This disclosure relates to integrated circuit processor devices and, in particular, to techniques for improving the performance of a real-time program running on the processor device. Other aspects are also described.
A real-time program is a computer program that needs to guarantee a response within strict time constraints. Examples include those running in industrial control systems, video games, and medical devices, to name just a few. The processor device on which a real time program is to run may need to guarantee a maximum latency (or time delay) when executing certain portions of the program. For instance, the program may require that a maximum interrupt latency be no more than a specified time interval. Interrupt latency is the time from when a peripheral device requests servicing by the processor device, to when the processor begins execution of an interrupt service routine for the peripheral device.

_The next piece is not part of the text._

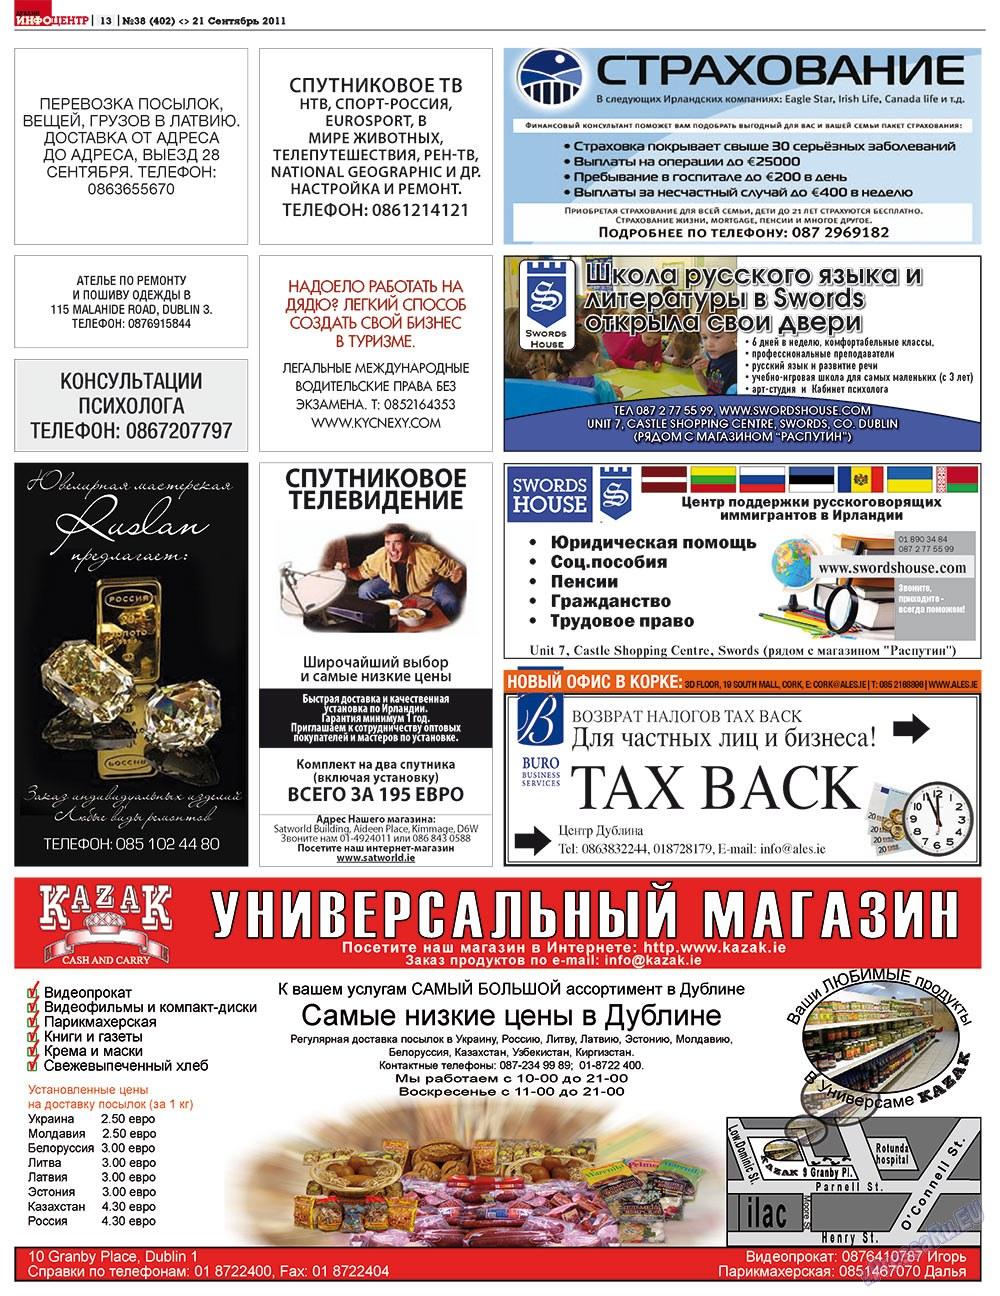 Дублин инфоцентр (газета). 2011 год, номер 38, стр. 13

The peripheral device may, for example, be a sensor that has suddenly detected a particular condition and is therefore requesting that the processor device analyze its signal, pursuant to instructions in the program.

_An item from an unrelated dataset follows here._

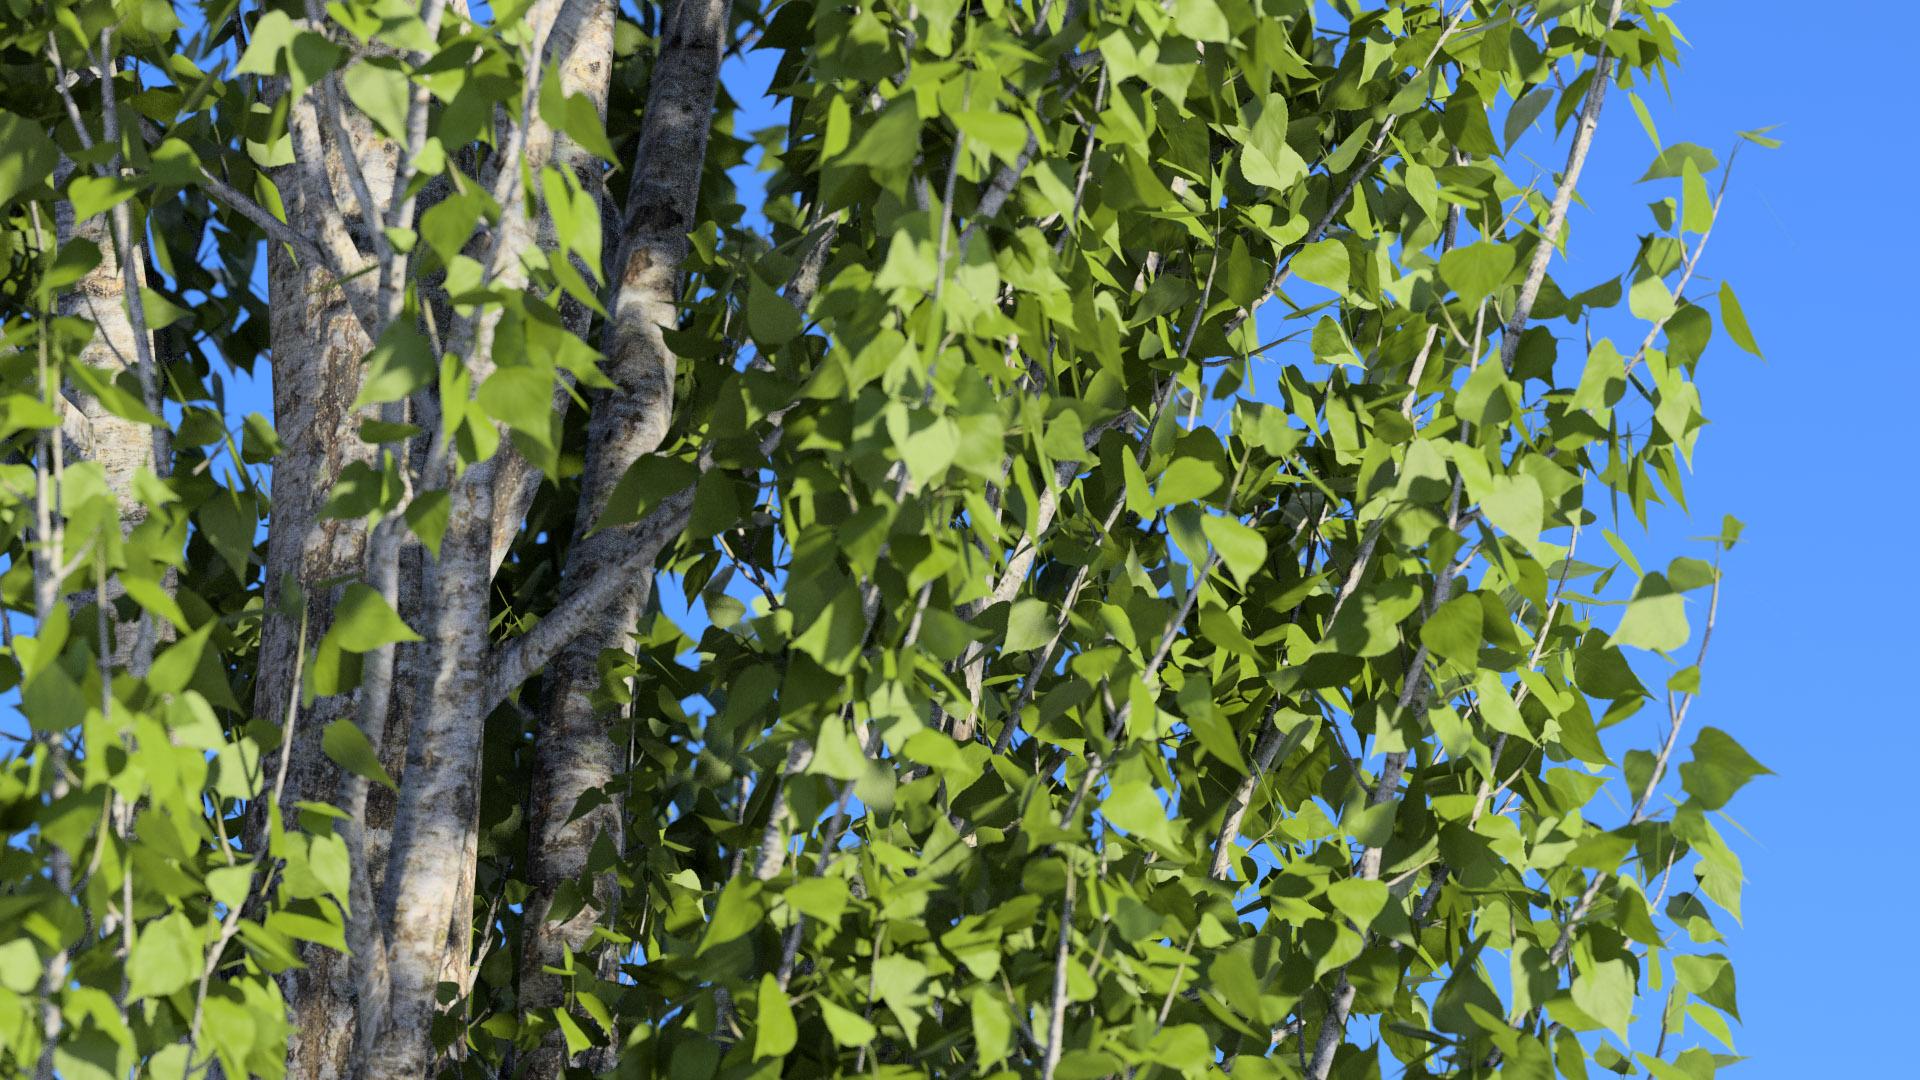 3D model of the Lombardy poplar Populus nigra

Typically, processor devices that are used in consumer electronic devices such as desktop computers and laptop computers have not been optimized to meet the latency requirements of real time programs. Most processor devices have a cache that can significantly speed up the performance of many programs, by keeping frequently used portions of a program in a fast yet small storage area. However, the limited and shared nature of the cache inevitably results in cache misses, which slow down the program and may also cause substantial performance differences between different runs of the same program. These may be unacceptable to designers of embedded systems that run real time programs.
This has made it at times a difficult choice to embed a processor device that is traditionally designed for a desktop or laptop computer into a computer system that runs a real-time program or application (which typically requires strict guarantees of latency for certain portions of it).

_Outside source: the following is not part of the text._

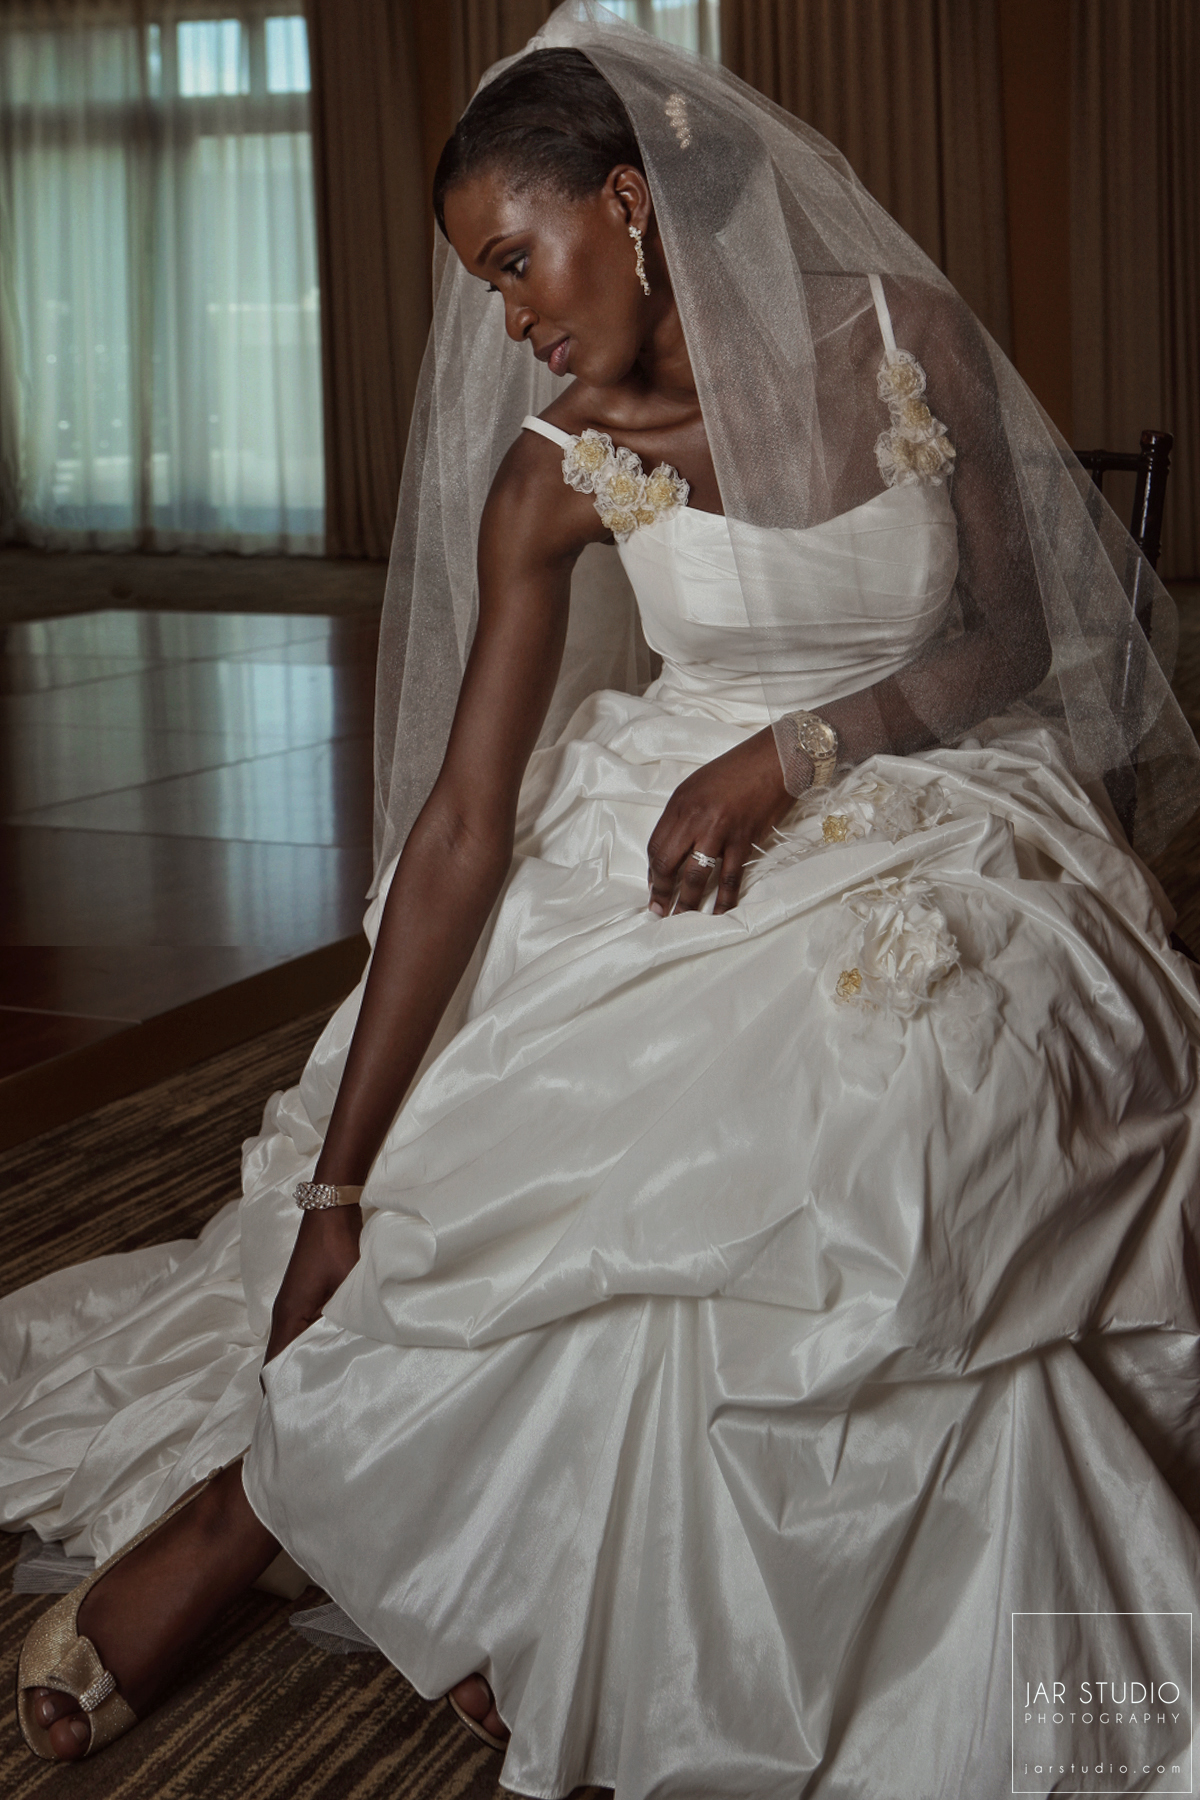 04-gorgeous-bride-portrait-jarstudio-wedding-photography-central-fl.JPG

To improve the predictability of running a program so that it meets a certain maximum period of time for execution, as well as maintaining the results of the execution uniform (in terms of how long it takes to execute one run and then another run), several approaches have been taken. One approach is to compute the expected execution time of the program, in order to verify that it meets the latency requirement. That approach, however, has proven to be fraught with significant inaccuracy particularly where the program is relatively complex, for instance, having multiple tasks executing concurrently or in parallel, and sharing the same cache.
Another approach is to simply disable the cache, when the desired program is to run, thereby rendering greater predictability to the calculations of the execution times. Doing so, however, does significantly reduce the performance of the program, in some cases to unacceptably low levels. An approach taken in multi-threaded, multi-core systems is to use a prioritized cache that gives priority to instructions of real-time threads, while allowing all threads to share an aggregate cache space. Under that approach, threads running on different processing cores of the device are assigned different priorities by the operating system. In other words, a thread with a lower priority cannot replace the data or instructions of a higher priority thread, while a thread with higher priority can evict the data or instructions of a low priority thread. To achieve this result, a priority bit is added to each cache line, which is used to differentiate the priorities of threads from different cores. At the time of each cache line replacement, the priority bit will be set based on the priority of the thread that accesses it.
In another approach, each cache line has an attribute that allows it to be either locked or released. When a cache line is locked, its data should not be replaced (when a cache miss occurs). If the attribute of the cache line is then changed to “released”, then its data becomes replaceable as in a conventional cache replacement policy. A cache controller is allowed to lock or release a given cache line, in response to certain processor instructions. Such instructions may extend the conventional load/store from main memory operation, by also either locking or releasing in each case, the resulting cache line. For the programmer using such a construct, data that is to be accessed frequently should be locked in the cache.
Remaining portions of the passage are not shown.